The unfamiliar line is fairly simple. The read() function takes a file handle, a variable, and an integer for arguments. So the script in Listing 3.2 is reading $ENV{'CONTENT_LENGTH'} bytes from the file handle STDIN and putting the information that it finds in the variable $temp. Recall that in the guestbook script, you copied $temp from $ENV{'QUERY_STRING'}. So you see the major difference between processing GET-method forms and POST-method forms.

Built-in File Handles

Perl uses normal UNIX names for its built-in file handles. STDOUT, which is the standard file handle for output, is where you normally print from a Perl script. If you are running a script from the command line, output directed to STDOUT appears on the console. In CGI applications, STDOUT goes back to the Web server to be sent to the browser.

STDERR is a file handle that is used for error messages. Operating systems do different things with STDERR, but text printed to this special file handle generally ends up in some sort of log. In CGI applications, most Web servers print messages that are directed to STDERR to the server's error log-a useful fact that you can use to debug your CGI scripts.

STDIN is a file handle in which you can often find input for your Perl script. Running scripts from the command line, you would read from STDIN if input were piped to your script from another command. (This syntax might look something like cat filename | myperlscript.) In CGI, the Web server puts POST-method form input in STDIN.

As I said earlier, the rest of the processing is exactly the same. So, you might now be asking yourself, if you're going to do a great deal of form processing, wouldn't it be much easier to write some of this code once and reuse it? The answer, of course, is yes.

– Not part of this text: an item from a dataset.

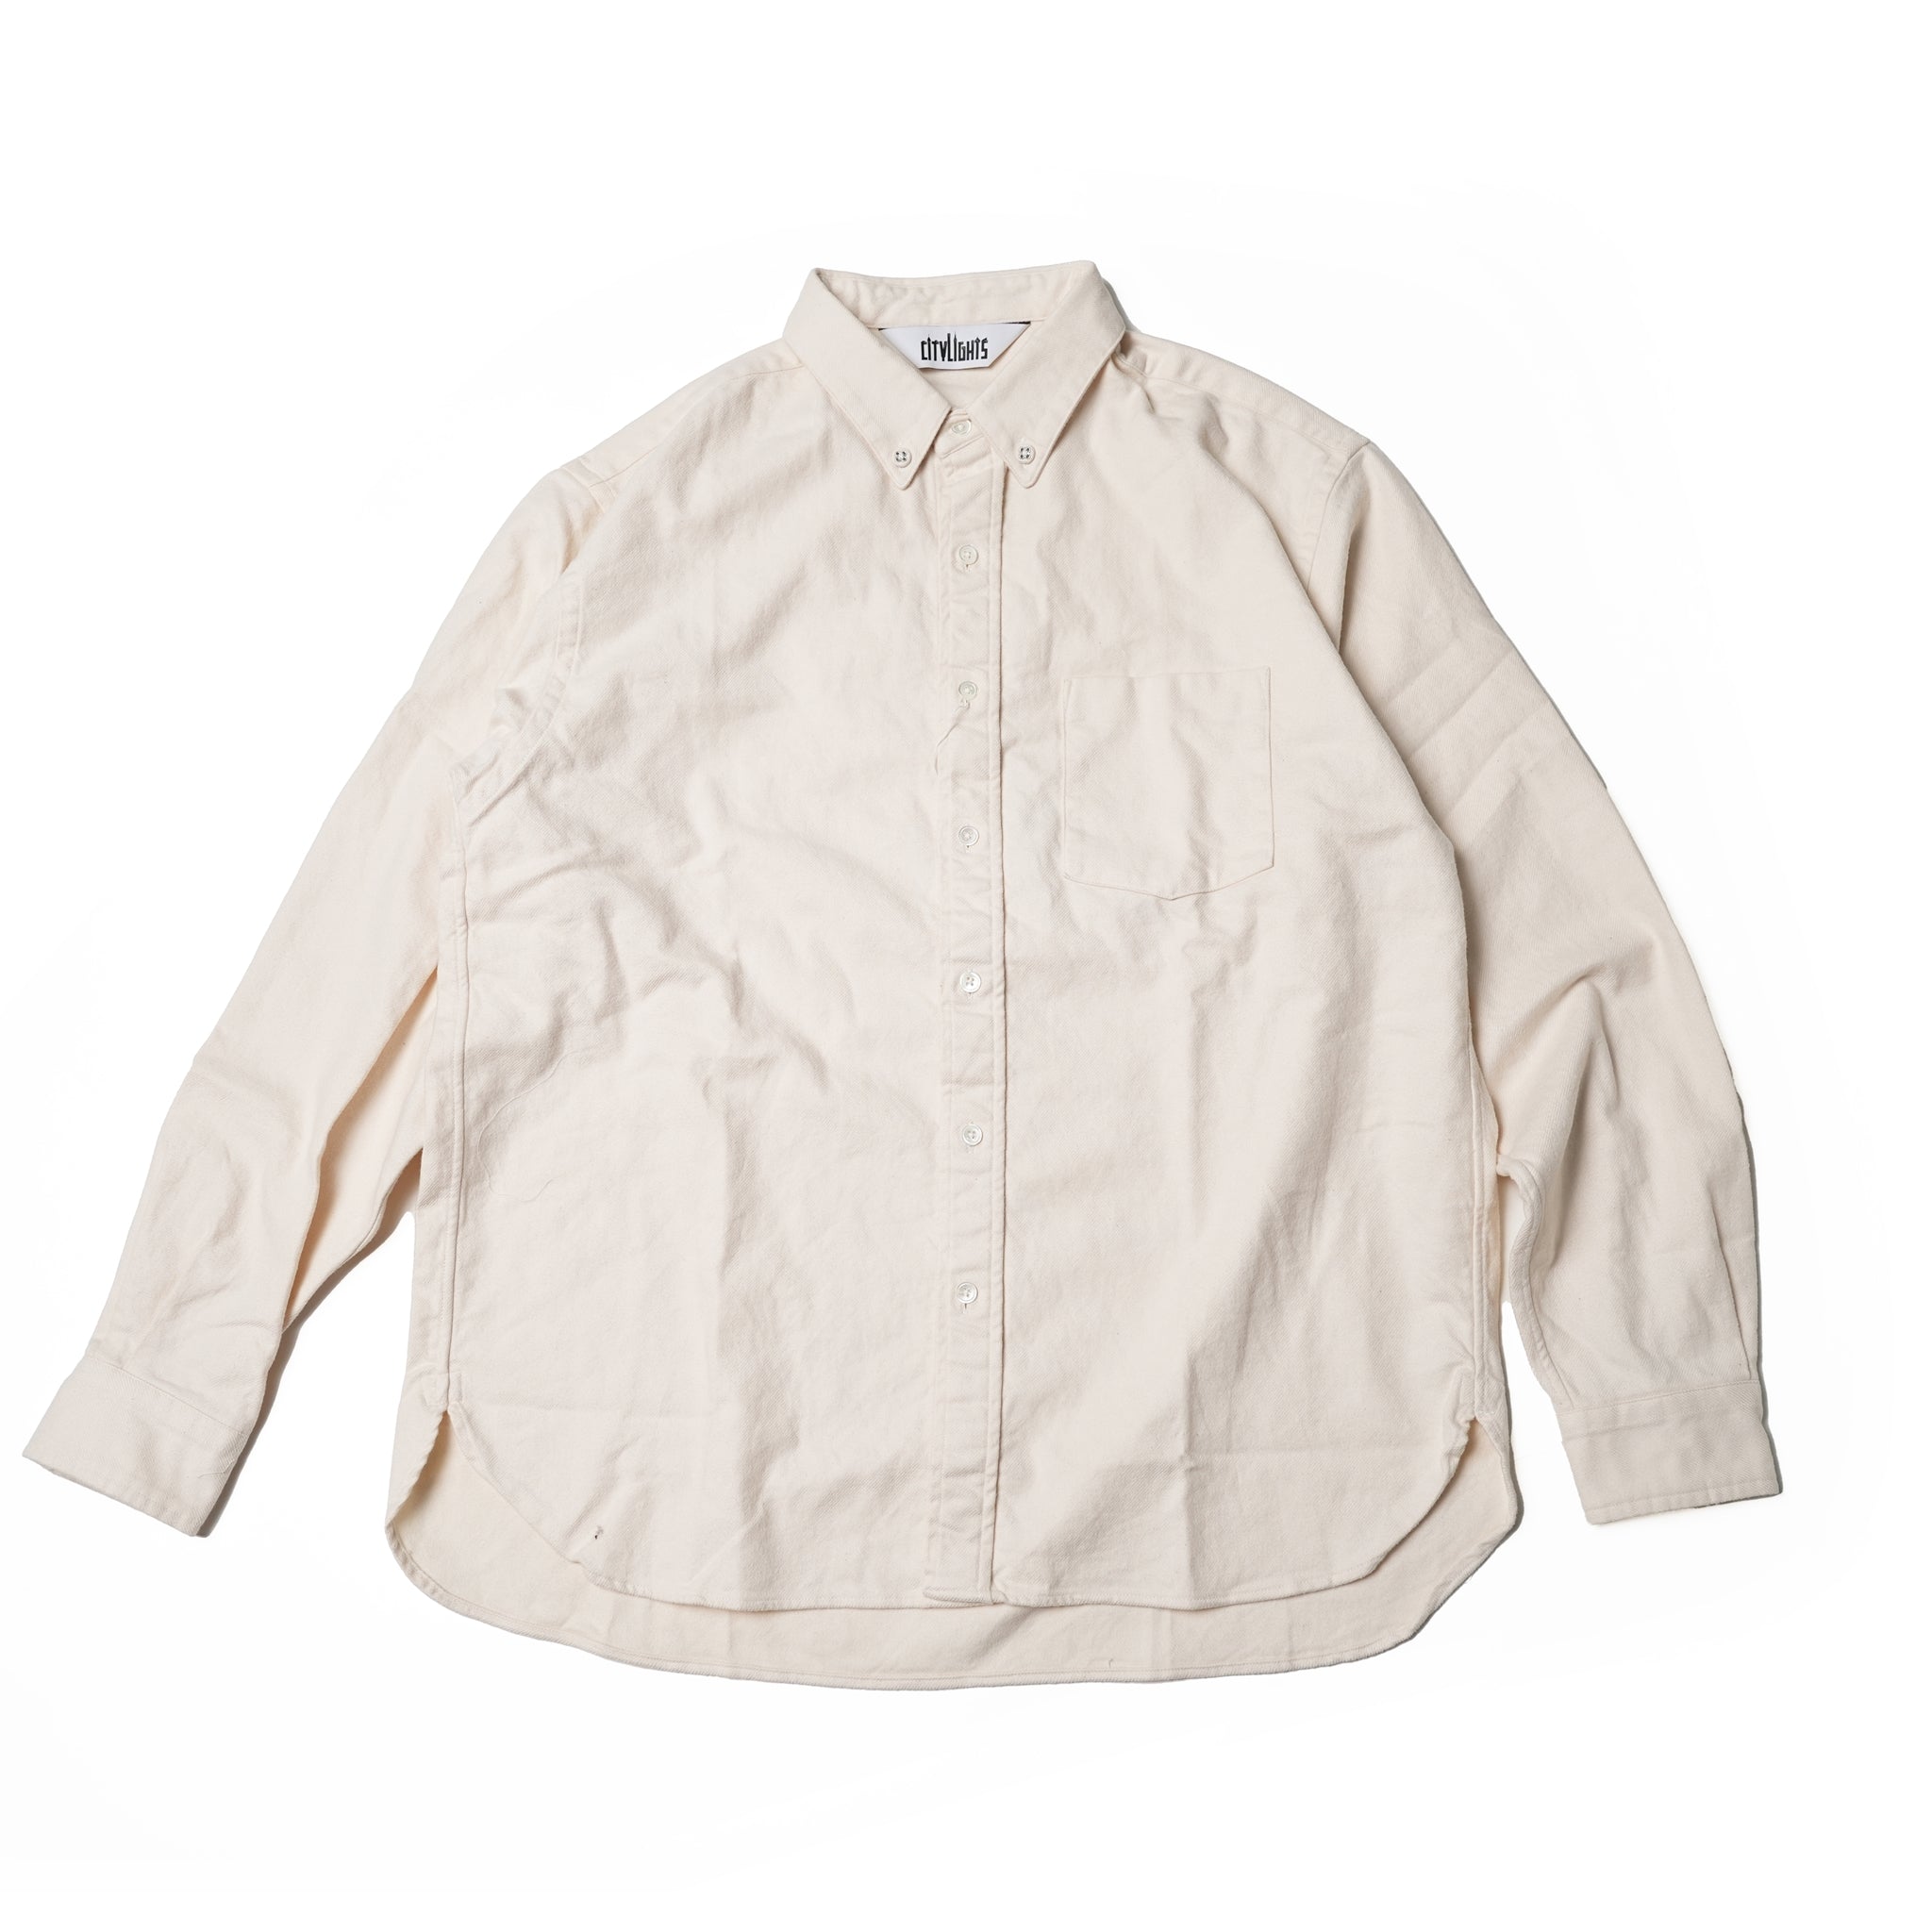 Name: BD SHIRTS | Color:Ecru | Size:Regular/Tall 【CITYLIGHTS PRODUCTS_シティライツプロダクツ】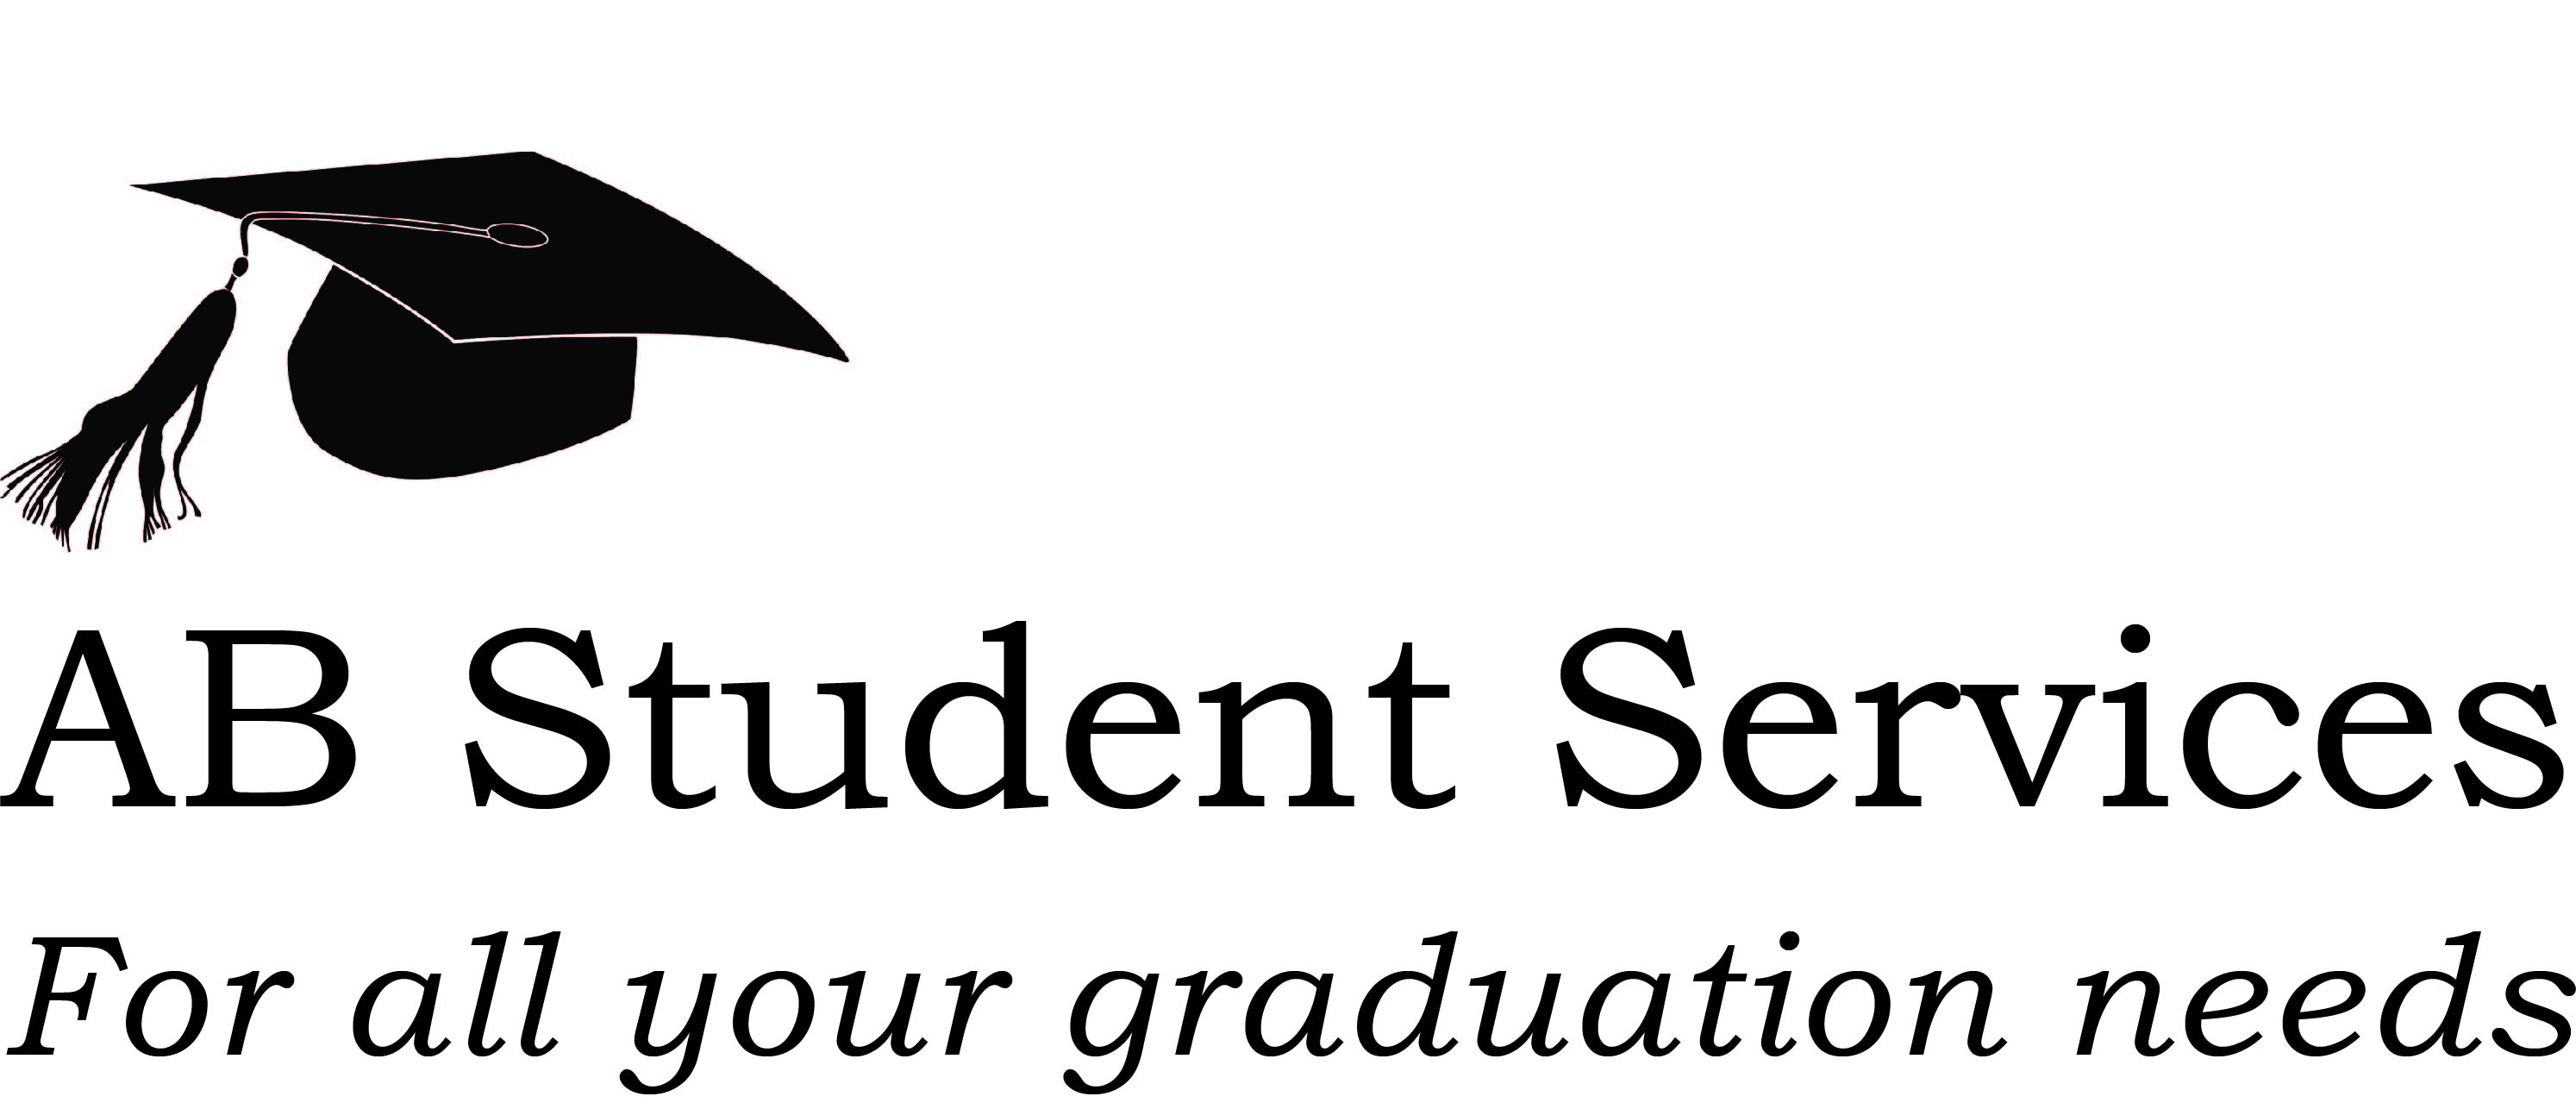 AB Student Services

Making Your Perl Code Modular

One thing that almost all good programmers have in common is an abhorrence for redoing work. We all want to do things as efficiently as possible. One of the best ways to make programming more efficient is to put code for common tasks in a place where other programs can easily use it.

Perl provides an effective feature for this purpose. The simplest method, which works for both versions 4 and 5 of Perl, is to create a Perl library. Perl 5 adds a new entity called a module to the mix. Modules are similar to libraries, but they allow the advanced Perl programmer to use object-oriented programming syntax.

TIP

To find out what version of Perl you are using, type perl -v at your command line. My machine shows the following display when I type this command:

portland:~/# perl -v This is perl, version 5.002 Copyright 1987-1996, Larry Wall Perl may be copied only under the terms of either the Artistic License or the GNU General Public License, which may be found in the Perl 5.0 source kit.

You can see that I'm using Perl 5.002. If you're using Perl 4, this command tells you that you're using Perl 4 and then gives you a patch level. If the display shows anything other than patch level 036, you'll want to upgrade. You probably should upgrade to version 5 anyway; it's available for most platforms on the CD-ROM that accompanies this book.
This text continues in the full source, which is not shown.